Redis 공식 docs 기준 우리 패턴 - "한 producer + 다수의 짧은 consumer + late join with replay" - 은 Streams 교과서적 fit이다.

코드 변경은 이 정도:

# Worker (publish)
await redis.xadd(
    f"run:{run_id}",
    {"type": event_type, "payload": json.dumps(payload)},
    maxlen=5000,
    approximate=True,
)
await redis.expire(f"run:{run_id}", 600)
 
# SSE 엔드포인트 (consume)
last_id = request.headers.get("Last-Event-ID", "0")
while True:
    entries = await redis.xread(
        {f"run:{run_id}": last_id},
        block=0,
        count=100,
    )
    for stream, items in entries:
        for entry_id, data in items:
            yield {"id": entry_id, "data": data["payload"]}
            last_id = entry_id

dup race, MAXLEN, cursor, atomic 다섯 문제가 한 번에 사라진다.

세 번째 답: 전부 worker로

Streams로 갈아타도 stream_run(inline)과 execute_run(worker) 두 경로는 여전히 따로 존재한다. 둘 다 graph를 돌리고 둘 다 Stream에 publish해야 함. drift는 줄지만 두 실행 경로 자체가 본질적인 비용이다.

진짜 최종 형태는 inline 경로를 통째로 없애고 모든 run이 worker를 통과하게 하는 것.

POST /threads/{thread_id}/runs
  → ARQ enqueue, 즉시 run_id 반환

GET /threads/{thread_id}/runs/{run_id}/stream?last_event_id=...
  → SSE. 내부:
     XREAD BLOCK 0 STREAMS run:{run_id} <last_id>

잠깐, 일반 챗까지 다 worker로?

이 권고는 "단순한 3초 Q&A"도 ARQ enqueue → BLPOP → worker → XADD → SSE forwarder를 통과한다는 뜻이다. 매 챗마다 +10–30ms 추가. 이게 정말 필요한지는 product requirement에 달려있다.

챗 resumability 요구	적절한 형태
ChatGPT/Claude.ai 같은 multi-tab/multi-device 동기화 필요	all-worker. 챗도 큐 통과. TTF +10–30ms는 그 기능의 가격.
단발성 Q&A, 끊기면 다시 묻는 UX	hybrid 정당. inline 챗 + worker(긴 작업). 두 경로 유지. ARQ 경로의 dup race/cursor/MAXLEN만 Streams로 해결.

즉 all-worker는 "챗이 resumable해야 한다"가 product requirement일 때만 의미 있다. 단발성 챗 위주 워크로드면 dual-path도 정당한 선택이고, 두 경로의 drift는 코드 리뷰/공유 helper로 관리할 만한 비용이다.
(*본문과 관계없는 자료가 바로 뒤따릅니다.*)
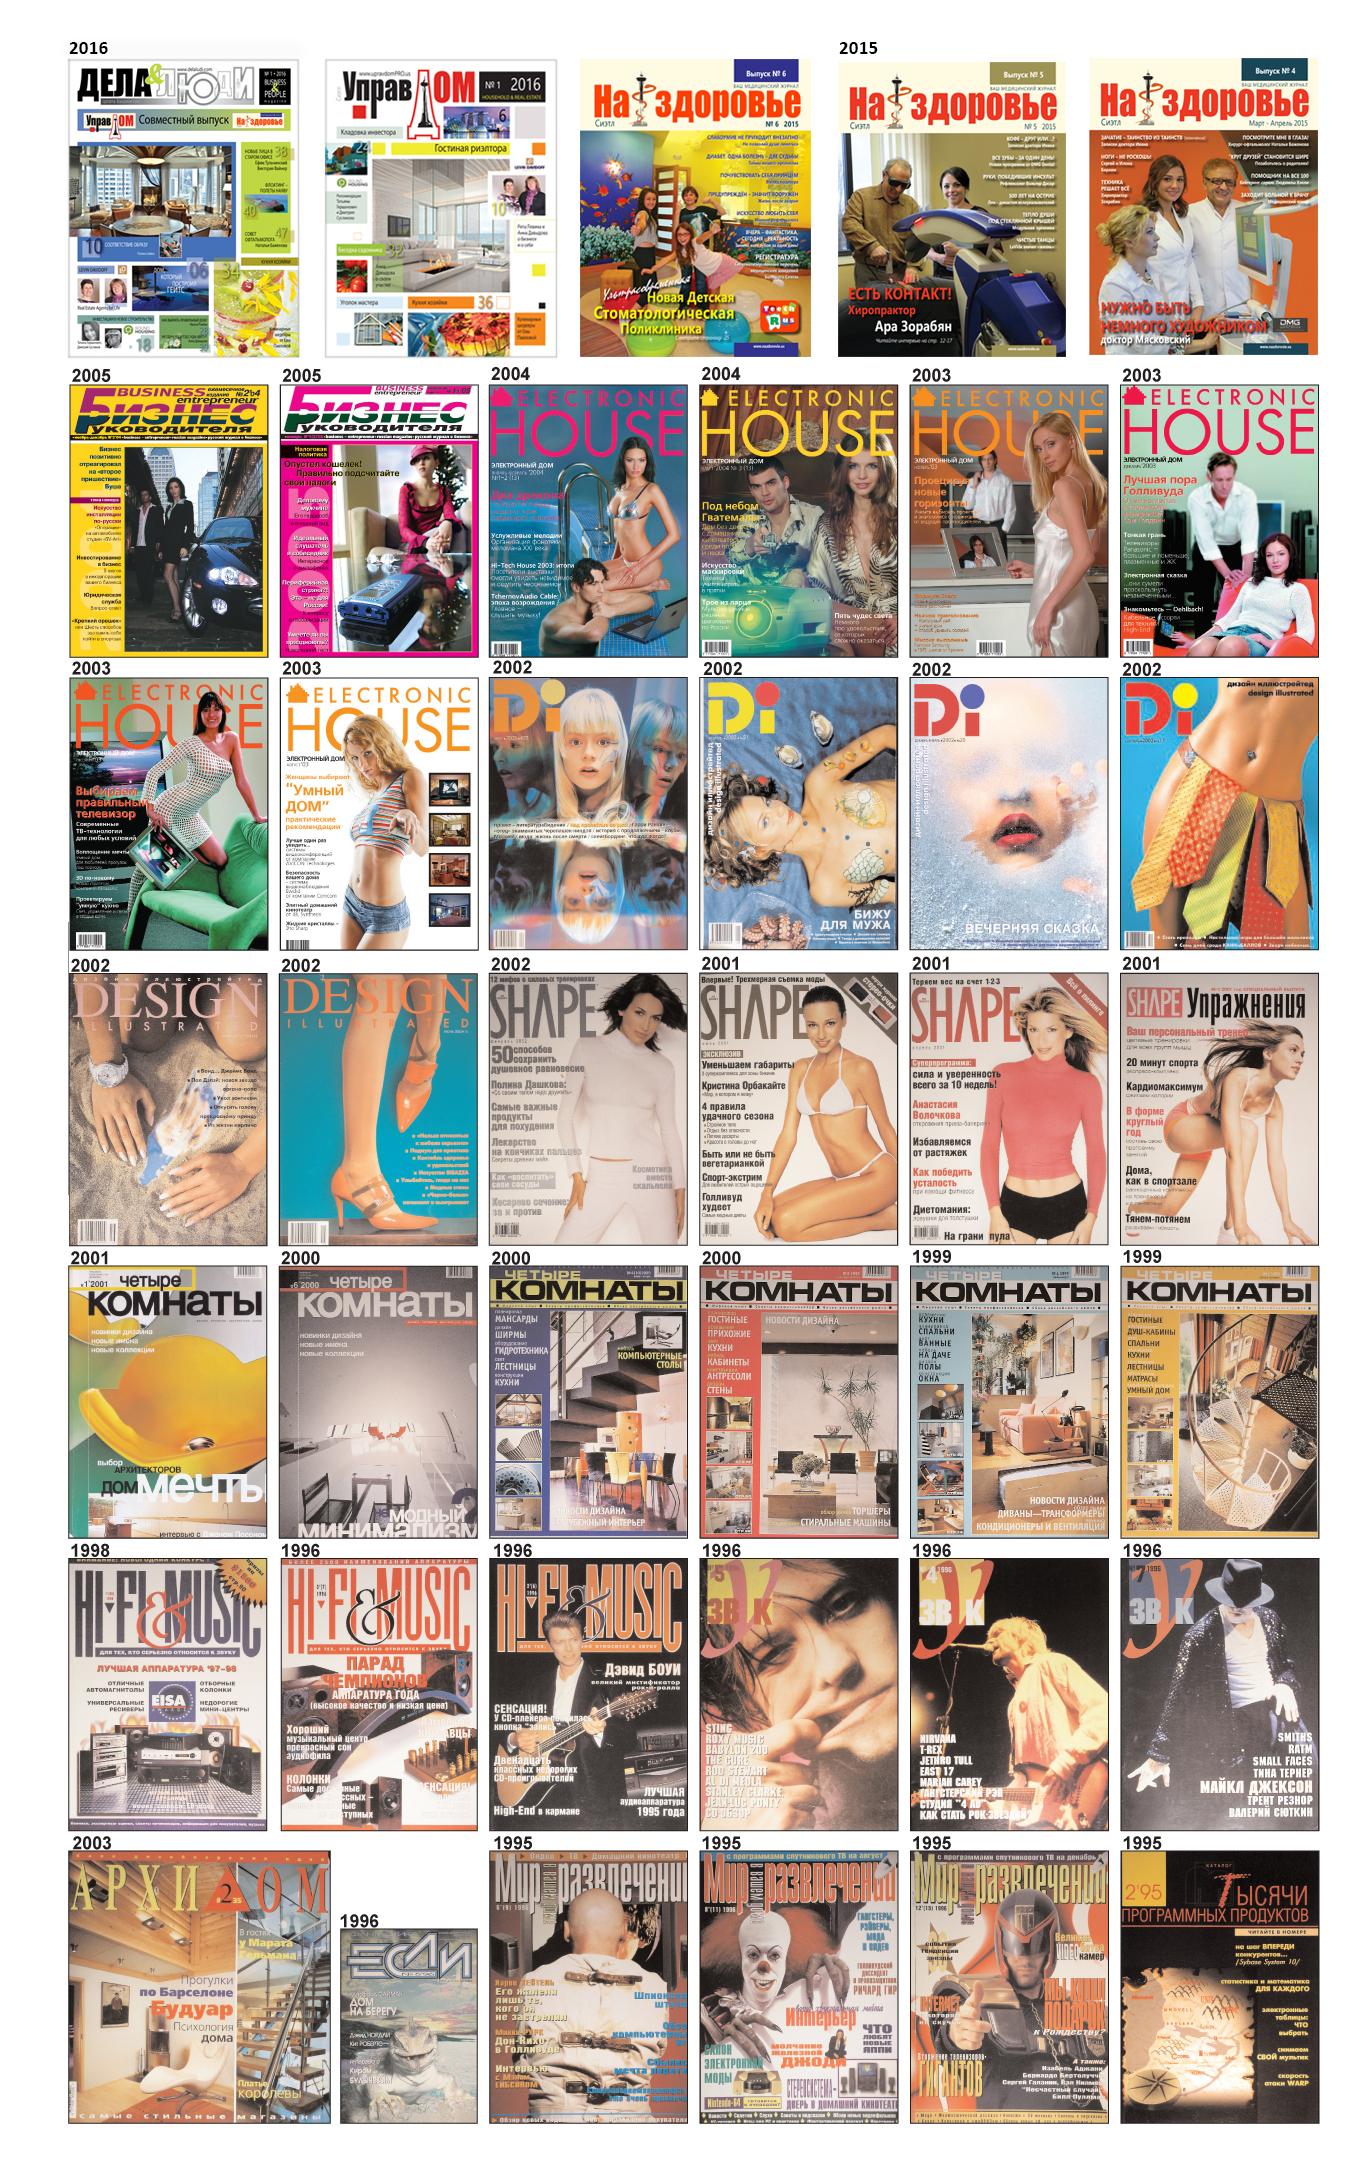 Magazines-1995-2016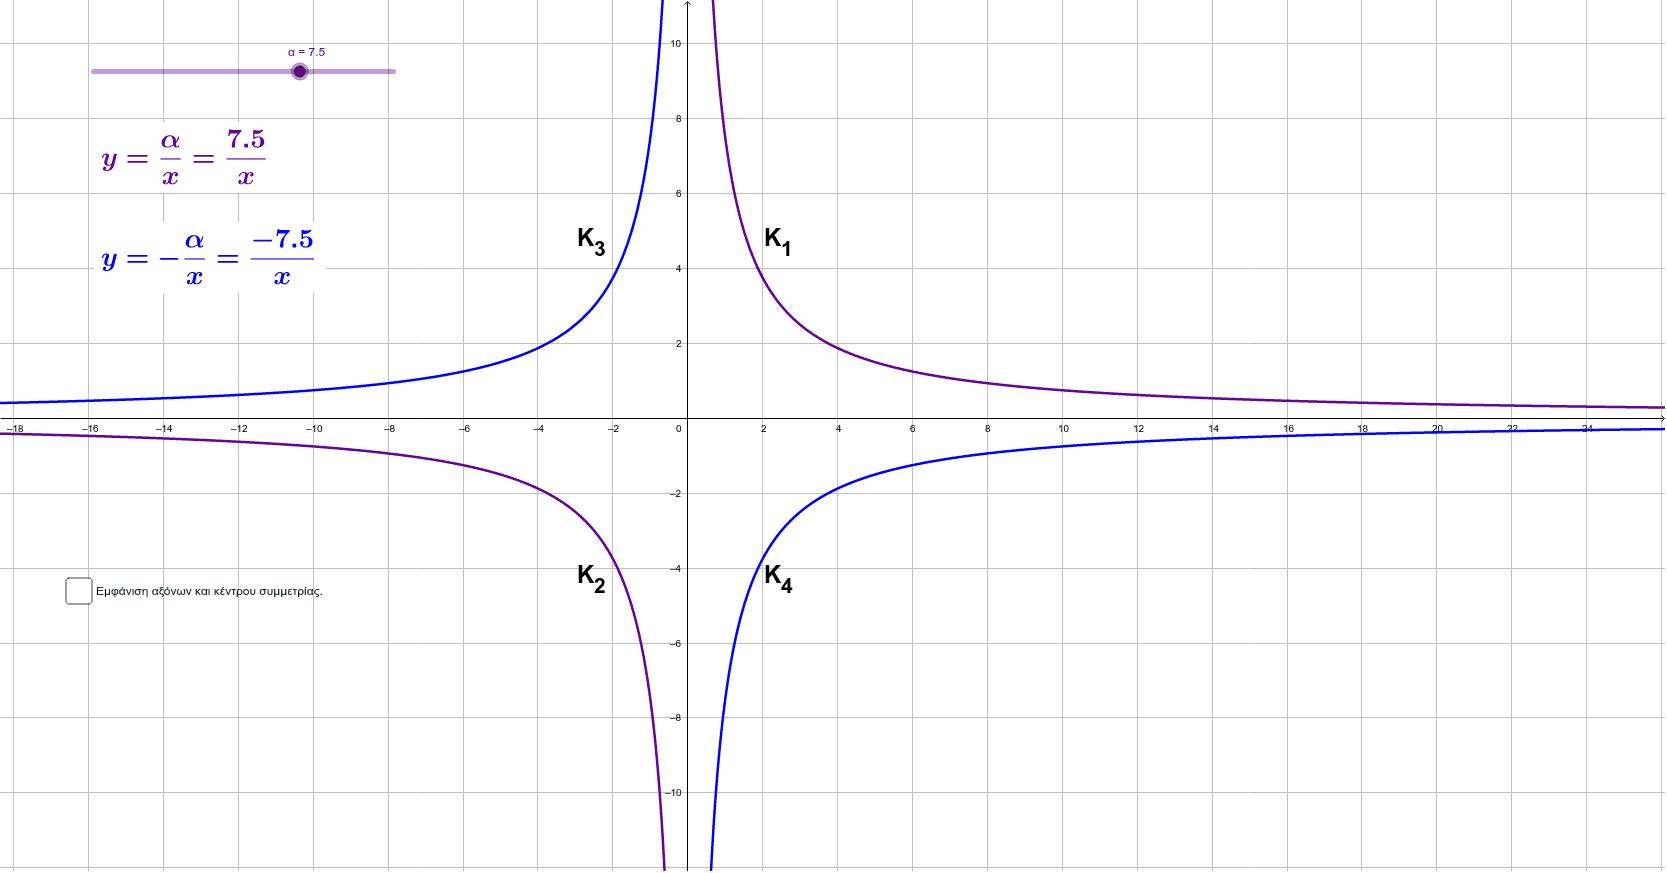 Μετακινήστε τον δείκτη α για να αλλάξετε το σχήμα των υπερβολών y=α/x και y=-α/x

(이 글의 권고는 챗도 resumable한 케이스를 가정. 그렇지 않으면 hybrid가 맞음.)

근데 정말 all-worker가 표준일까? 그래서 다른 곳들이 뭘 하는지 봤다.

OSS 옵션: Aegra

이 글의 권고 패턴(worker 통합 + per-run durable cursor log)을 자체 구현하지 않고 OSS 패키지로 받는 옵션이 있다. Aegra (Apache-2.0, 2024~)는 LangGraph SDK contract를 OSS로 구현한다. 2026-05-10 확인 기준 v0.9.14, ~~880 stars, 월 5~~7 patch release 페이스 (시점에 따라 변동 가능, 도입 직전 PyPI/GitHub 직접 확인 권장).

	LangGraph Platform	Aegra
라이선스	Elastic License 2.0 (OSS 비호환)	Apache-2.0
큐 모델	Redis Lists + BLPOP + Pub/Sub	동일
Worker 모델	async task (closed-source `langgraph_storage.queue`)	LocalExecutor (in-memory) / WorkerExecutor (Redis BLPOP)
배포	LangSmith managed	self-hosted (PyPI / Docker)
Studio 호환	yes	yes
결정적 차이	클라우드 의존	단일 컨테이너로 시작

자체 구현(ARQ + Redis Streams) vs Aegra 선택은 trade-off:

Aegra: 빠른 시작. internals owner는 Aegra. cron/MCP/A2A 같은 부재 기능은 upstream issue(#316, #261)로 양도.
ARQ + Redis Streams 직접: 우리가 owner. broker 자유, 도메인 특화 패턴 가능. 코드량 ~1500줄 자체 유지 (lease+reaper+SSE forwarder+streaming buffer).

일반 chat + multi-minute agent 워크로드면 Aegra가 ROI 우위. 2026-04 이전엔 OSS LangGraph Platform 부재(이슈 langchain-ai/langgraph#6709)로 ARQ 자체 구현이 사실상 유일했지만, Aegra 출시 이후엔 선택지가 둘이 됨. multi-broker(NATS/Kafka) 강제 또는 Aegra 미지원 영역(예: 도메인 특화 cron 정책)이 강하게 필요할 때만 ARQ 쪽으로.

TTF에도 영향: Aegra의 LocalExecutor 모드(in-memory queue)는 Redis 안 거치므로 추가 비용 ~1-3ms. WorkerExecutor 모드(Redis BLPOP, multi-instance용)는 자체 구현 ARQ 수준의 ~10-30ms. 즉 단일 컨테이너 시작 시엔 hop 비용 자체가 없는 것이 Aegra의 부수 이득.

Production 표준 리서치

LangGraph Platform

가장 직접적인 레퍼런스. LangChain 본인들이 공식 changelog에서 선언했다.

Streaming runs are now powered by the job queue used for background runs.

두 경로를 통일했다. 흔한 dual-path split을 그들도 거쳐갔고, worker 일원화로 갔다.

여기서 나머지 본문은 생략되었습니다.